The 3d-transition metal ferrites MFe2O4 (M = Fe, Co, Ni and Cu) are synthesized by a simple and environmental friendly co-precipitation route. The final calcination is performed at different temperatures. The obtained powders are characterized by Scanning Electron Microscopy (SEM) and X-Ray Diffraction (XRD). The structural characterization by XRD confirms the existence of phase pure compounds with spinel structure except for CuFe2O4 and Fe3O4 samples which contain a mixture of different oxides. The electrochemical performance is strongly influenced by the specific 3d-cation, final calcination temperature, electrode composition as well as particle size.

 

Investigation of nano sized CoFe2O4 and NiFe2O4 using in-situ X-ray absorption reveals the formation of metallic nanoparticles at the end of the first discharge. Reoxidation of Ni and Co was found to be incomplete whereas Fe is completely reoxidized [1].

 

The electrochemical performance of nano (20-100 nm) and micro (2-5 µm) sized Fe3O4 and CuFe2O4 is also investigated to elucidate the remarkable influence of the specific surface area on the obtainable specific capacities as well as the cycling stability of the electrode materials.
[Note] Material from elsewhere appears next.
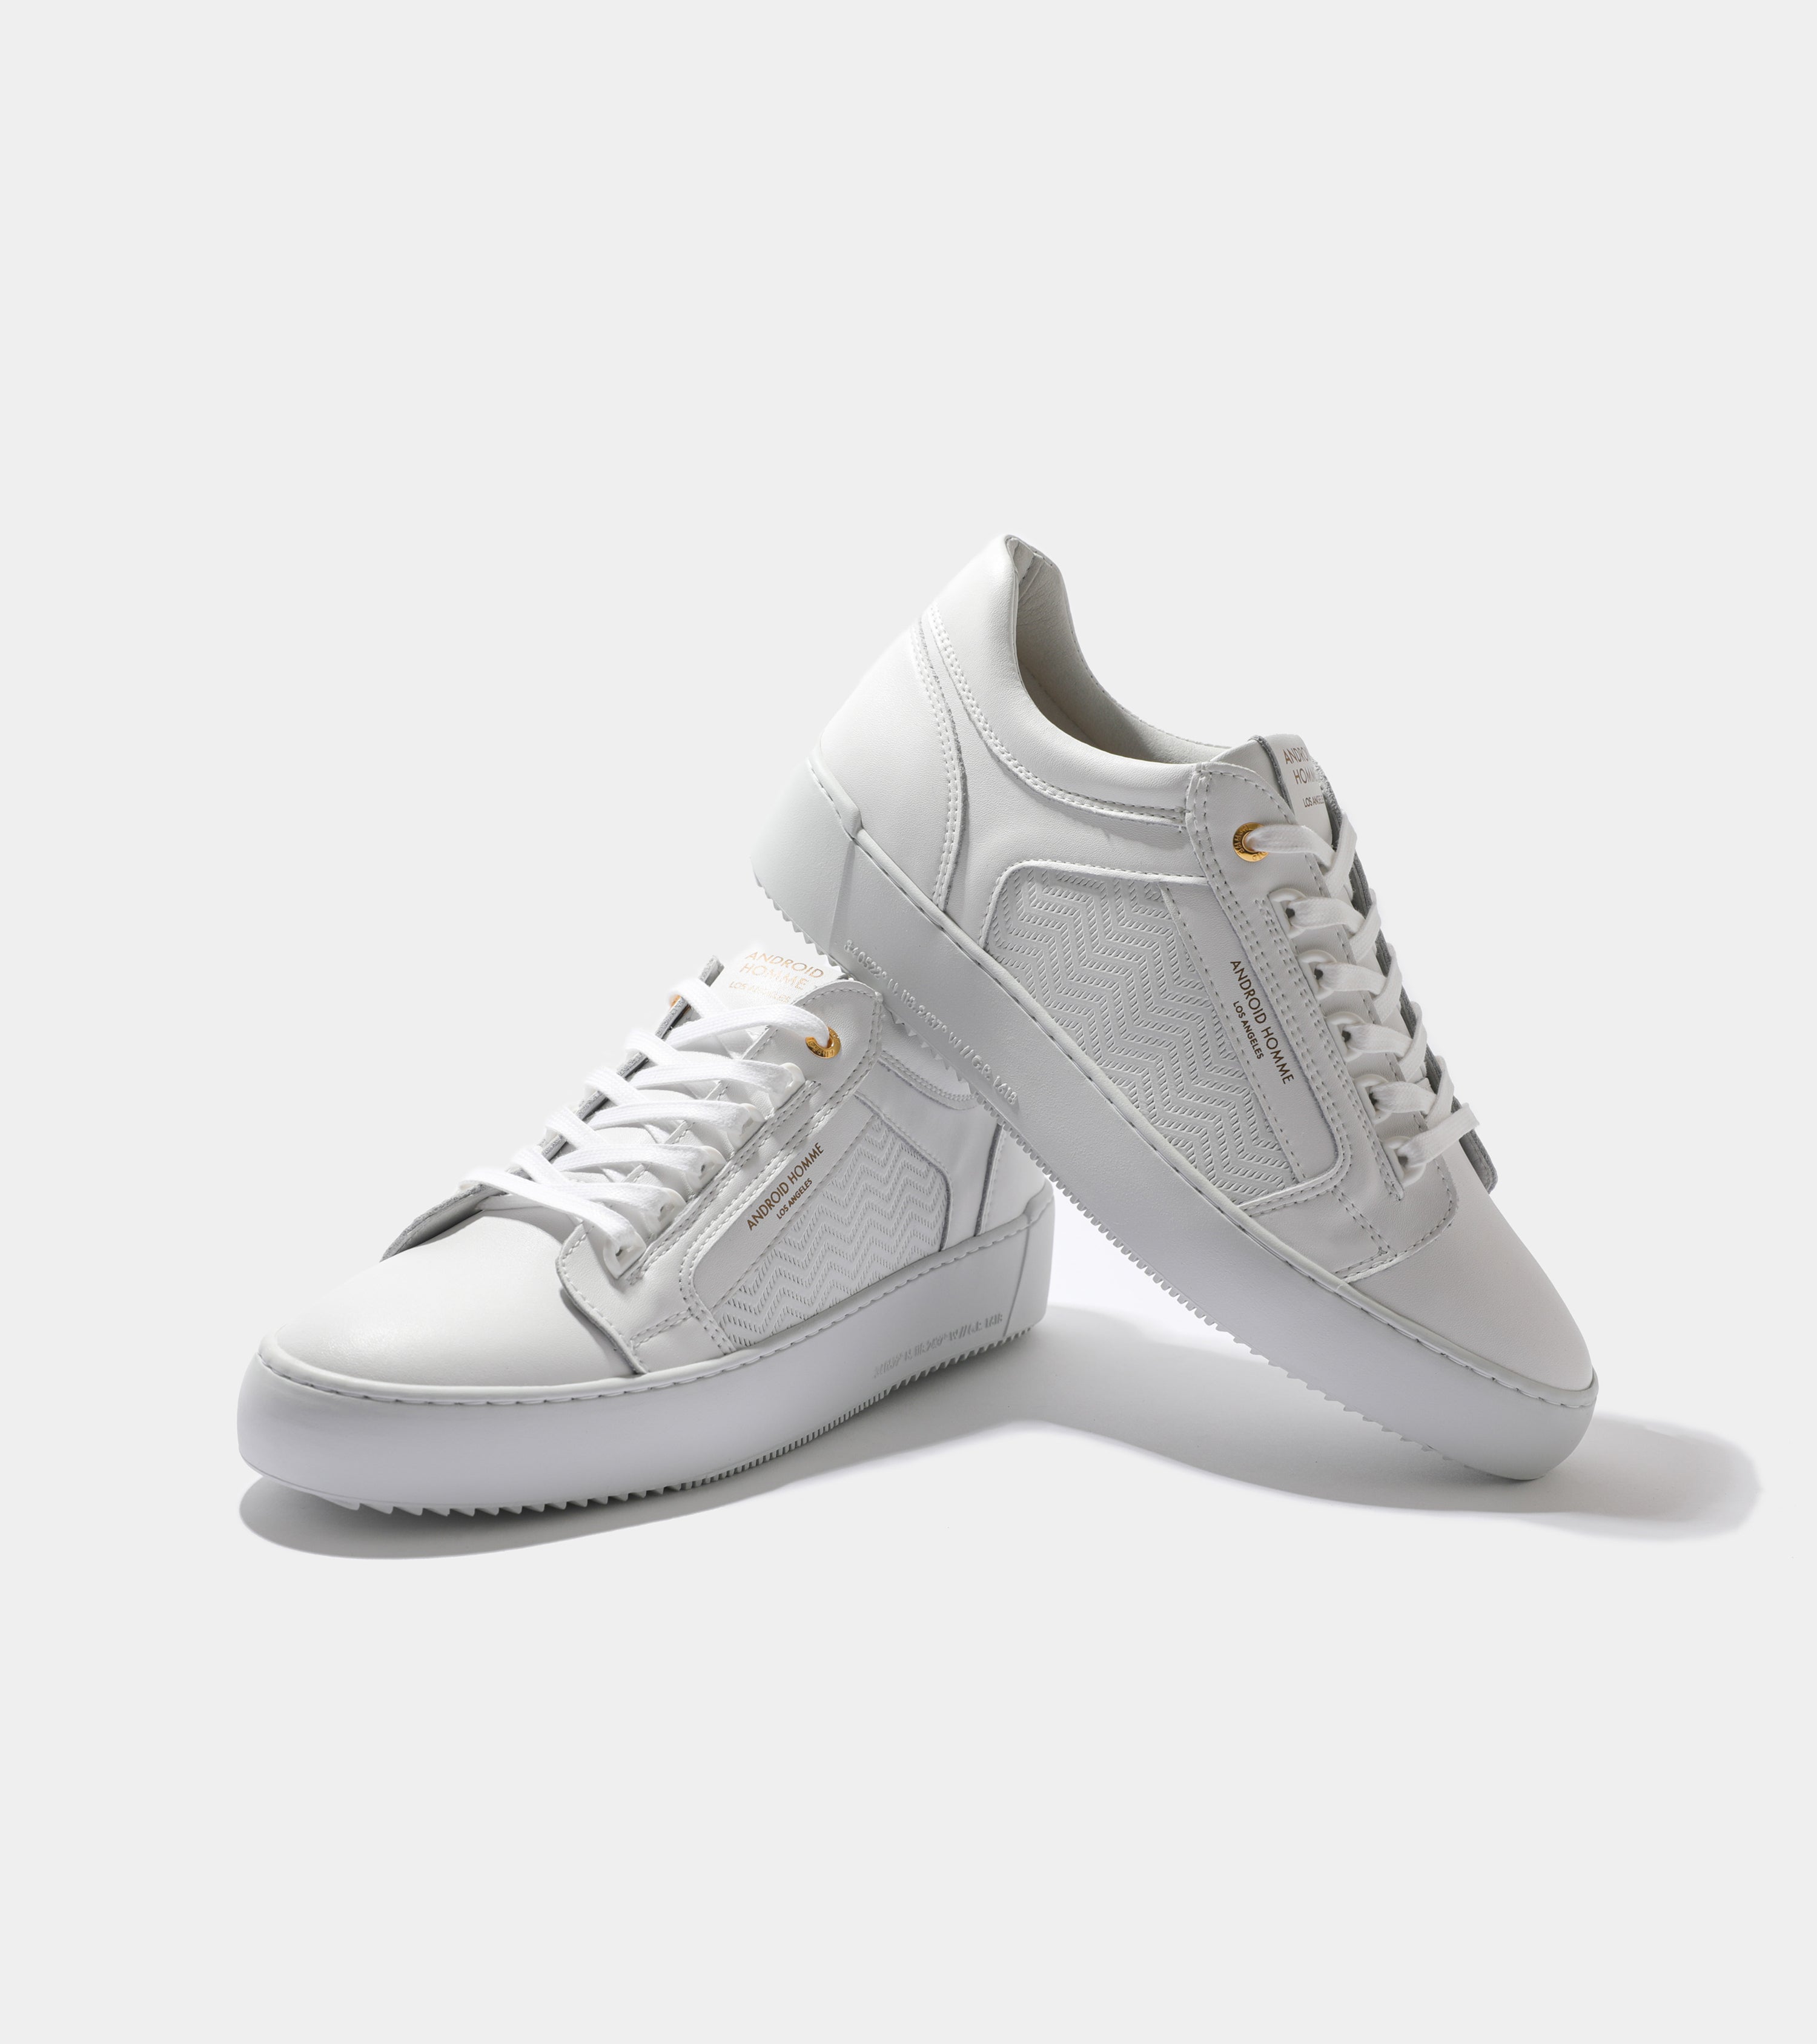 Ecom imagery of the Venice White Emboss Leather Android Homme Trainers.

Nano sized materials show higher specific capacity in the beginning but there is a drastic fading during cycling, whereas micro sized materials show comparatively lower specific capacity which remains stable over 100 cycles. In order to investigate the electrochemical mechanism in detail, the structural evolution of the materials in the 1st cycle was tracked using in situ synchrotron diffraction and ex situ PDF techniques. It can be observed that the electrochemical mechanism in the first discharge cycle is accompanied by two different processes. Either by the direct reduction of initial material into the respective binary oxide or by a Li-intercalation process in the spinel structure during the initial discharge. This is further transformed to metal nanoparticles occupied in a Li2O matrix.

 

 

 

[1]G. Balachandran, D.Dixon, N. Bramnik, A. Bhaskar, M. Yavuz, L. Pfaffmann, F. Scheiba, S. Mangold, and H. Ehrenberg, Chemelectrochem., DOI: 10.1002/celc.201500197, 2015.